Task directions: Without its pictures, the listing below is to be transcribed exactly.

==== Supplied information ====

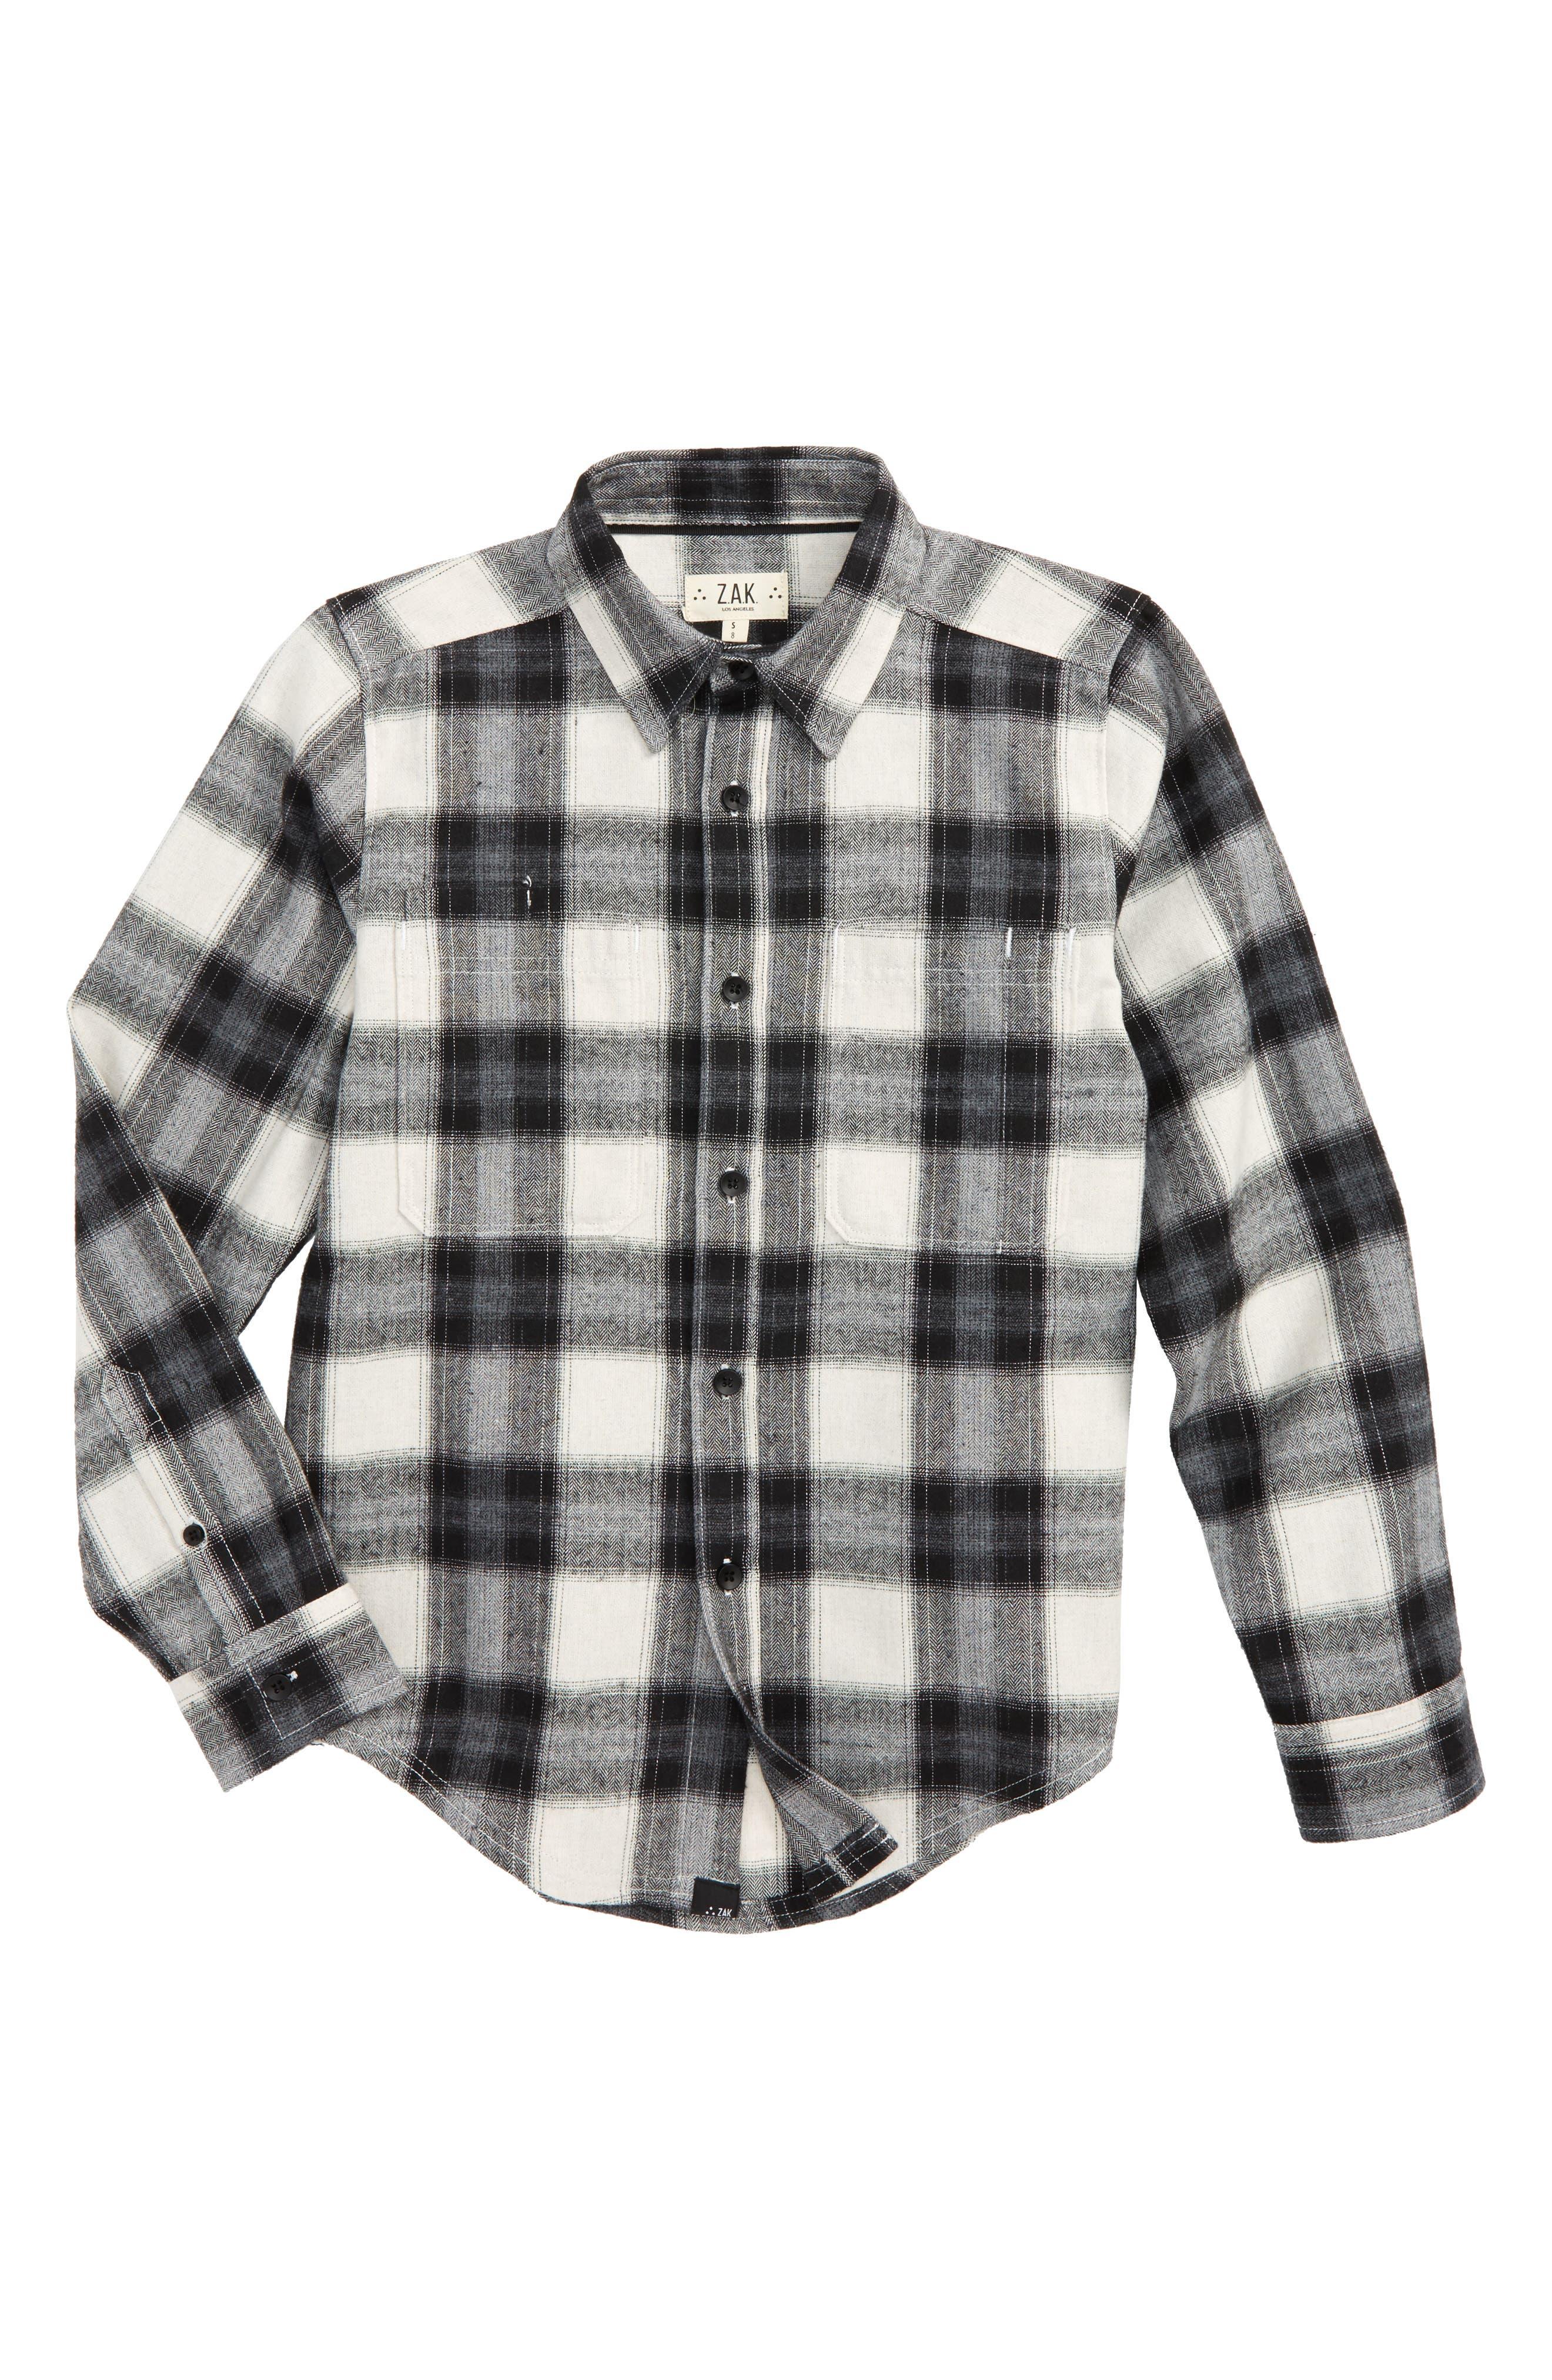 Z.A.K. Brand Woven Flannel Shirt (Big Boys)
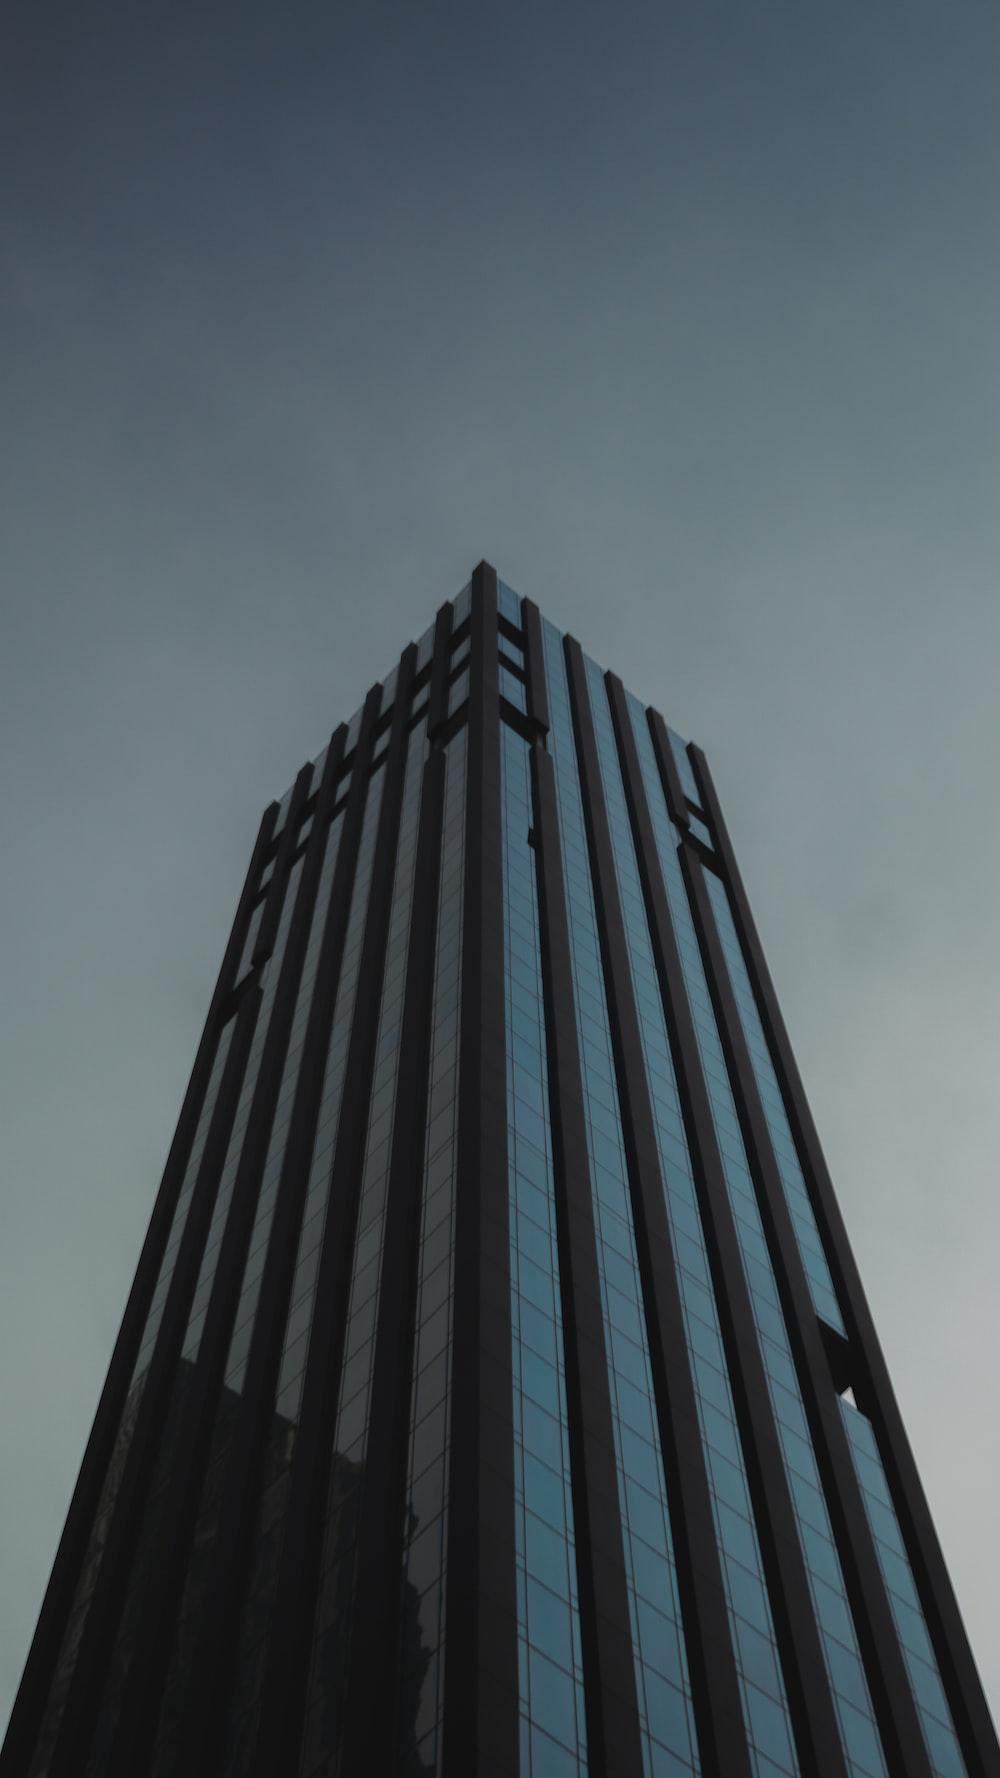 black high rise building under white sky
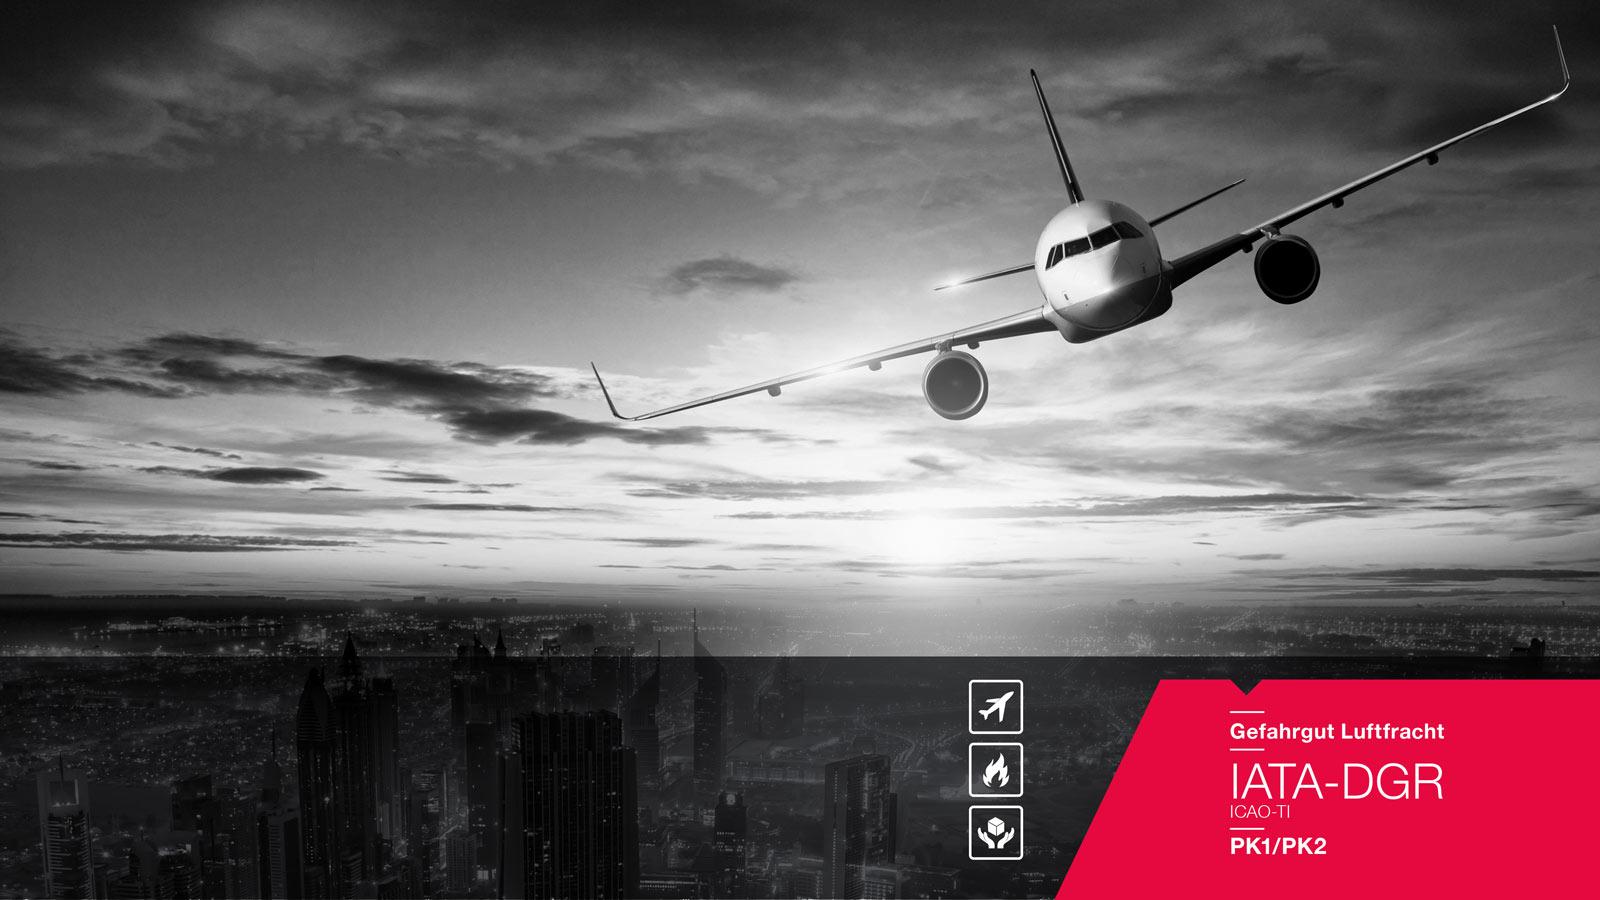 Gefahrgut Luftfracht – IATA-DGR / ICAO-TI (PK1/PK2)

====

Problem solution:
 Z.A.K. Brand Woven Flannel Shirt (Big Boys)
 black high rise building under white sky
 Gefahrgut Luftfracht – IATA-DGR / ICAO-TI (PK1/PK2)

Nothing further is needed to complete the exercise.